Centralized System and Docker Logging with ELK Stack

With Docker there was not supposed to be a need to store logs in files. We should output information to stdout/stderr and the rest will be taken care by Docker itself. When we need to inspect logs all we are supposed to do is run docker logs [CONTAINER_NAME].

With Docker and ever more popular usage of micro services, number of deployed containers is increasing rapidly. Monitoring logs for each container separately quickly becomes a nightmare. Monitoring few or even ten containers individually is not hard. When that number starts moving towards tens or hundreds, individual logging is unpractical at best. If we add distributed services the situation gets even worst. Not only that we have many containers but they are distributed across many servers.

The solution is to use some kind of centralized logging. Our favourite combination is ELK stack (ElasticSearch, LogStash and Kibana). However, centralized logging with Docker on large-scale was not a trivial thing to do (until version 1.6 was released). We had a couple of solutions but none of them seemed good enough.

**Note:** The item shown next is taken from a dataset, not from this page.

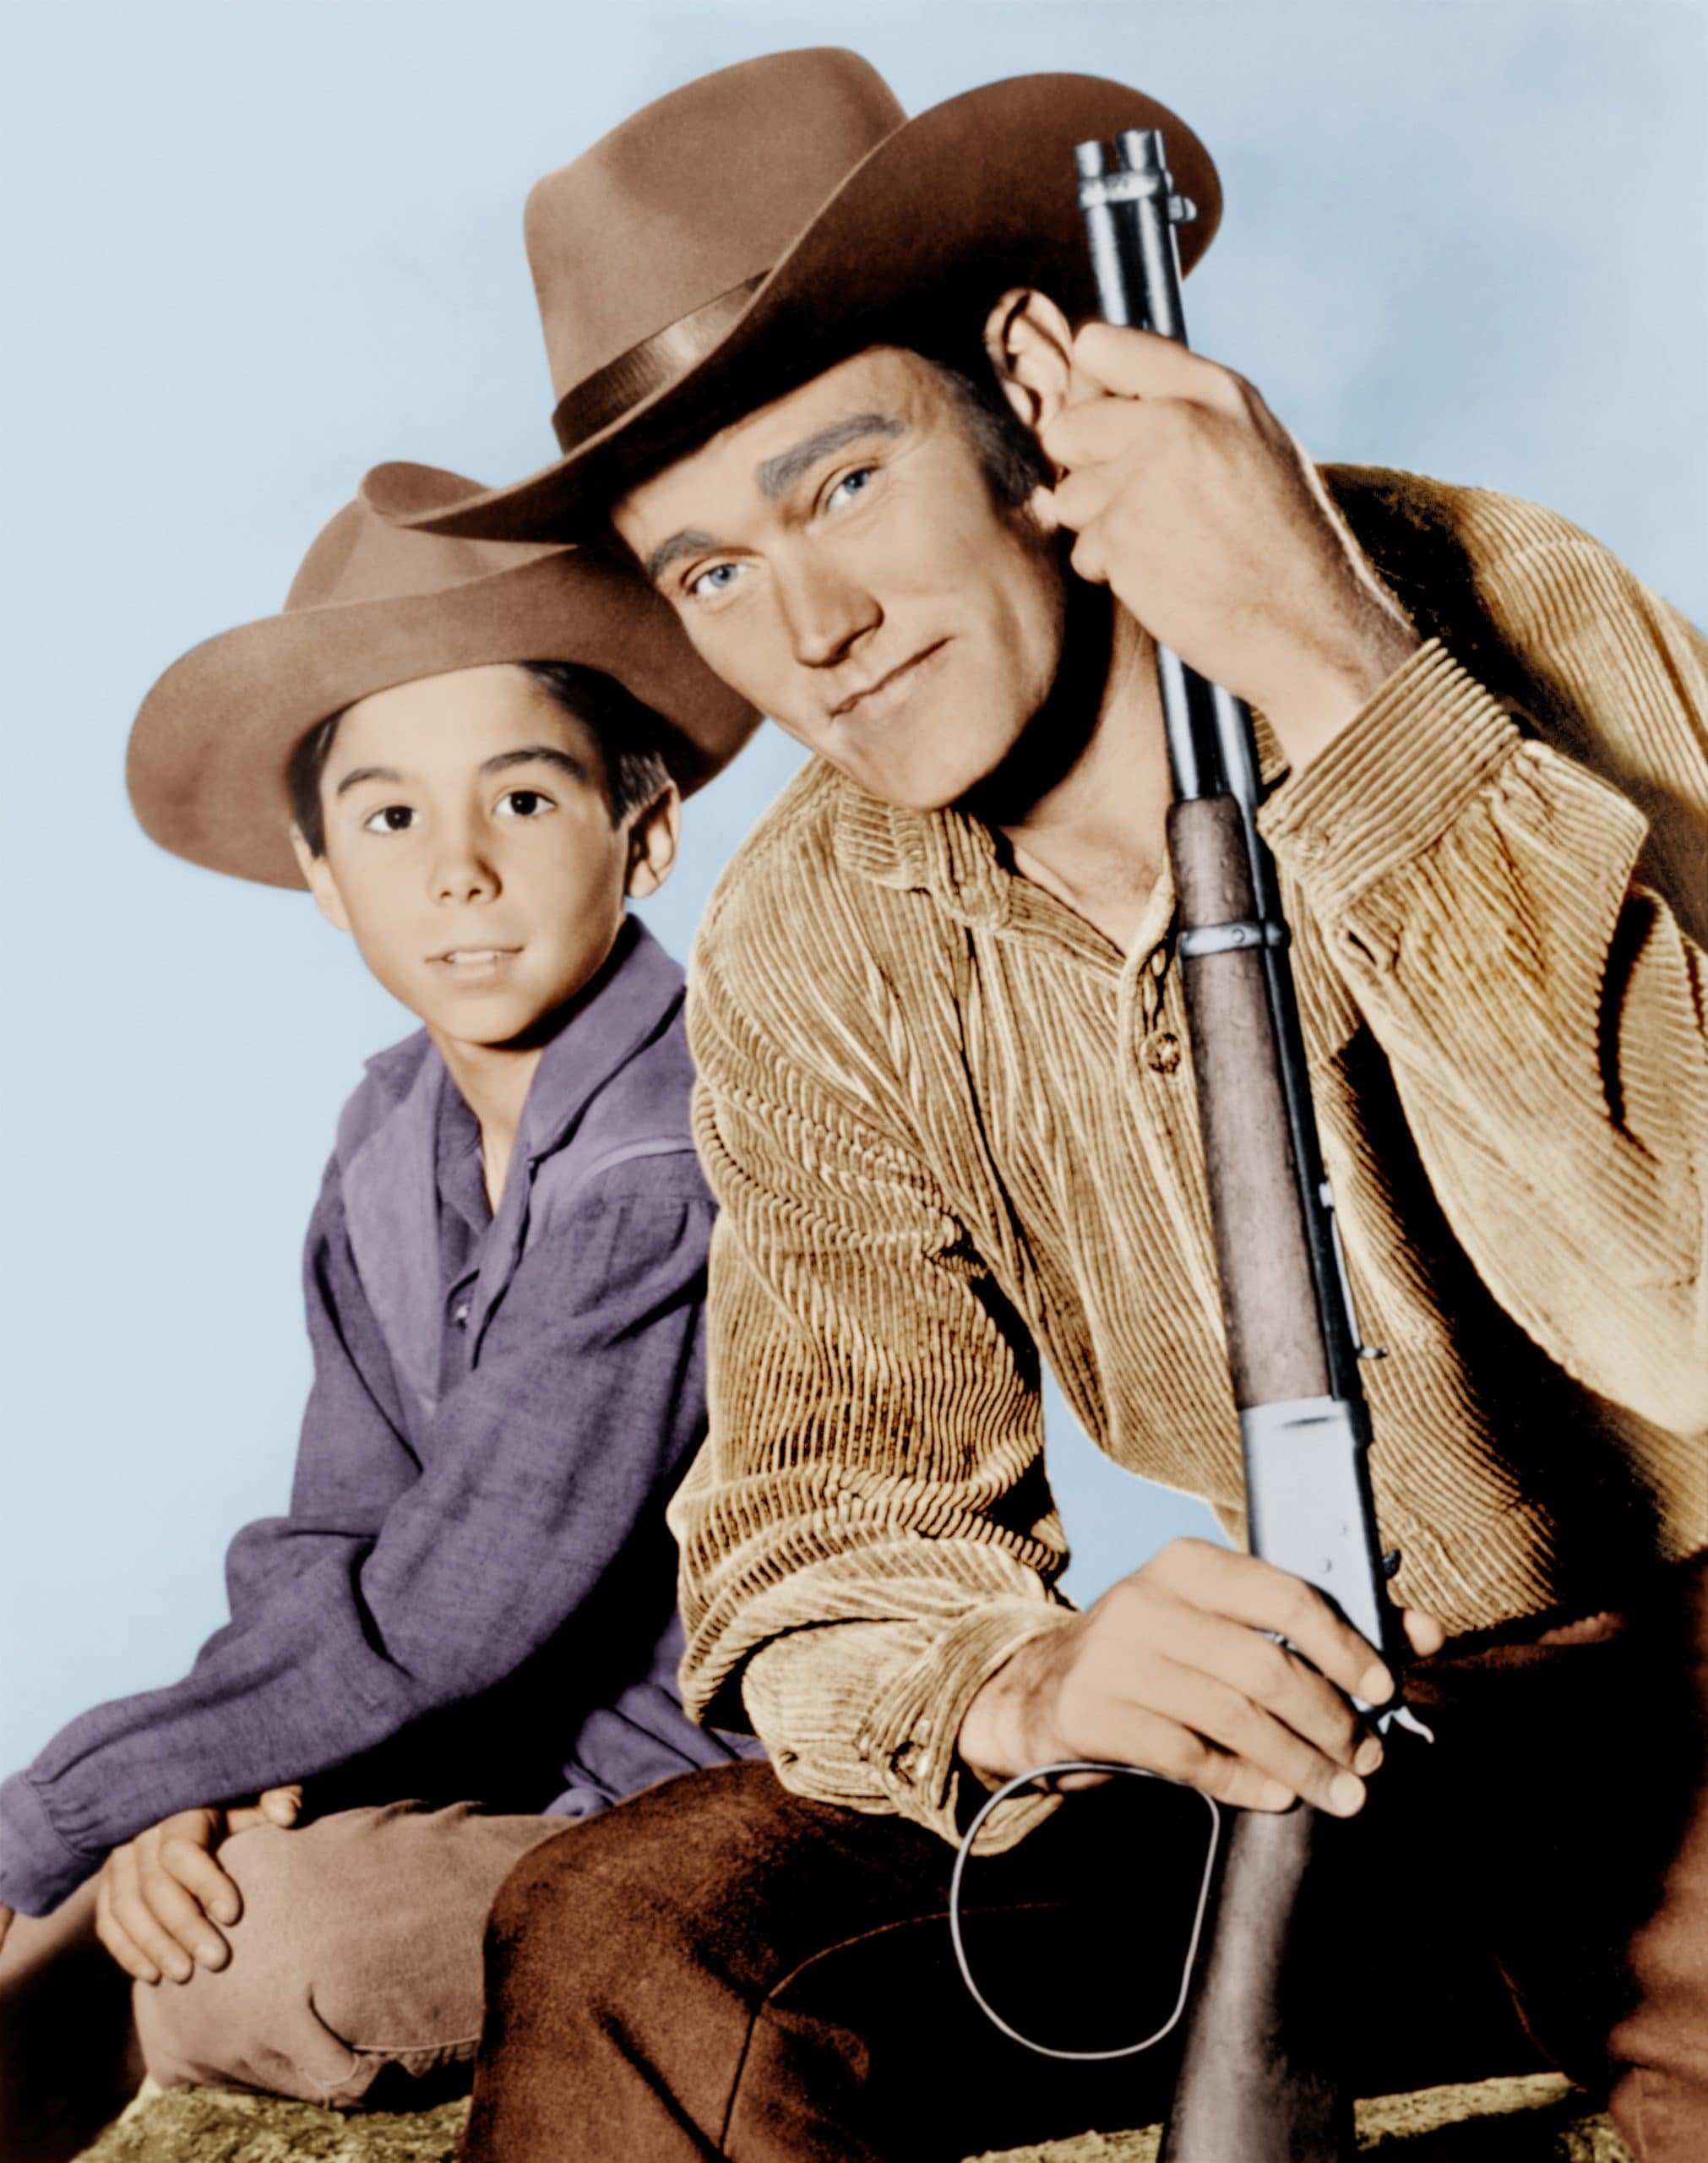 THE RIFLEMAN, from left: Johnny Crawford, Chuck Connors, 1958-63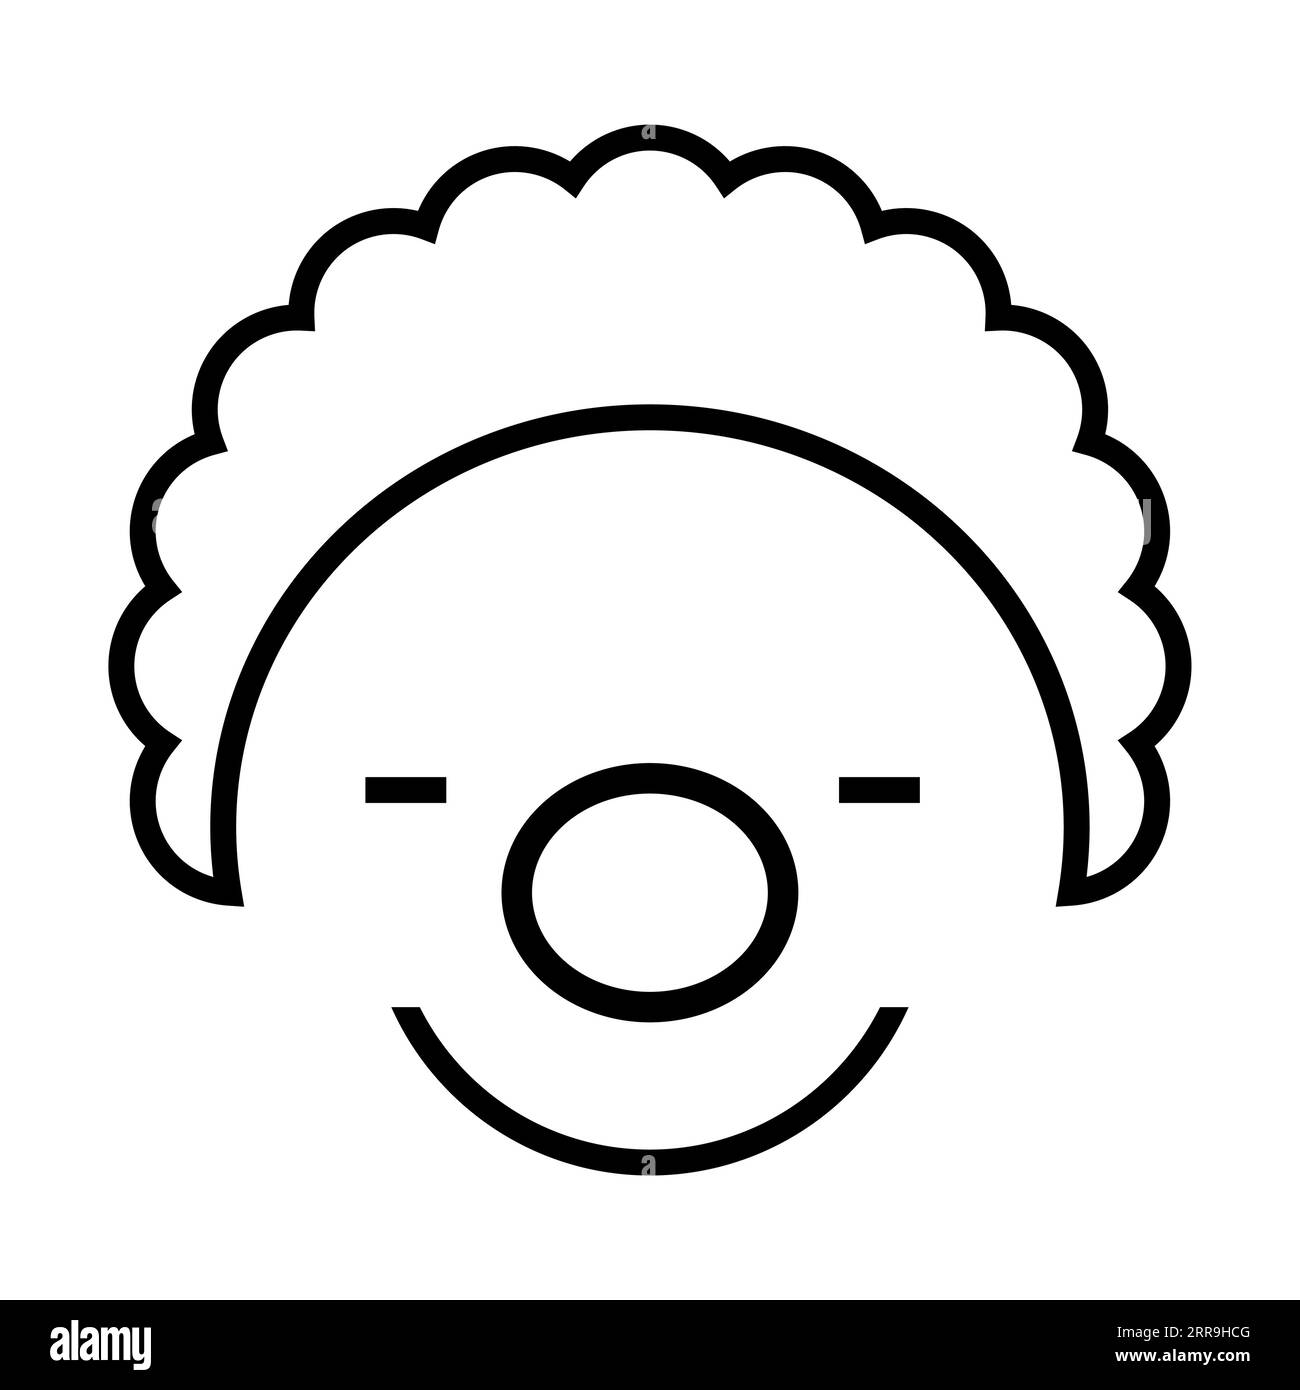 Clown face with big nose and curly wig isolated on white Stock Vector

We could expose container directory with logs as a volume. From there on we could tell LogStash to monitor that directory and send log entries to ElasticSearch. As an alternative we could use LogStash Forwarder and save a bit on server resources. However, the real problem was that there was not supposed to be a need to store logs in files. With Docker we should output logs only to stdout and the rest was supposed to be taken care of. Besides, exposing volumes is one of my least favourite things to do with Docker. Without any exposed volumes containers are much easier to reason with and move around different servers. This is especially true when a set of servers is treated as a data center and containers are deployed with orchestration tools like Docker Swarm or Kubernetes.

There were other options but they were all hacks, difficult to set up or resource hungry solutions.

Docker Logging Driver

In version 1.6 Docker introduced logging driver feature. While it passed mostly unnoticed, it is a very cool capability and a huge step forward in creating a comprehensive approach to logging in Docker environments.

In addition to the default json-file driver that allows us to see logs with docker logs command, we now have a choice to use syslog as an alternative. If set, it will route container output (stdout and stderr) to syslog. As a third option, it is also possible to completely suppress the writing of container output to file. That might save HD usage when that is of importance but in most cases it is something hardly anyone will need.

In this post we’ll concentrate on syslog and ways to centralize all logs to a single ELK instance.

Docker Centralized Logging

We’ll setup ELK stack, use Docker syslog log driver and, finally, send all log entries to a central location with rsyslog. Both syslog and rsyslog are pre-installed on almost all Linux distributions.

We’ll go through manual steps first. At the end of the article there will be instructions how to set up everything automatically with Ansible. If you are impatient, just jump to the end.

Vagrant

Examples in this article are based on Ubuntu and assume that you have Docker up and running. If that’s the case, please skip this chapter. For those that do not have an easy access to Ubuntu, we prepared a Vagrant VM with all that is required. If you don’t have it already, install VirtualBox and Vagrant. Once everything is set, run following commands:

git clone https://github.com/vfarcic/docker-logging-elk.git
cd docker-logging-elk
vagrant up monitoring
vagrant ssh monitoring

After those commands are executed you should be inside the Ubuntu shell with Docker installed. Now we’re ready to set up ELK.

ElasticSearch

We’ll store all our logs in ElasticSearch database. Since it uses JSON format for storing data, it will be easy to send any type of log structure. More importantly, ElasticSearch is optimized for real-time search and analytics allowing us to navigate through our logs effortlessly.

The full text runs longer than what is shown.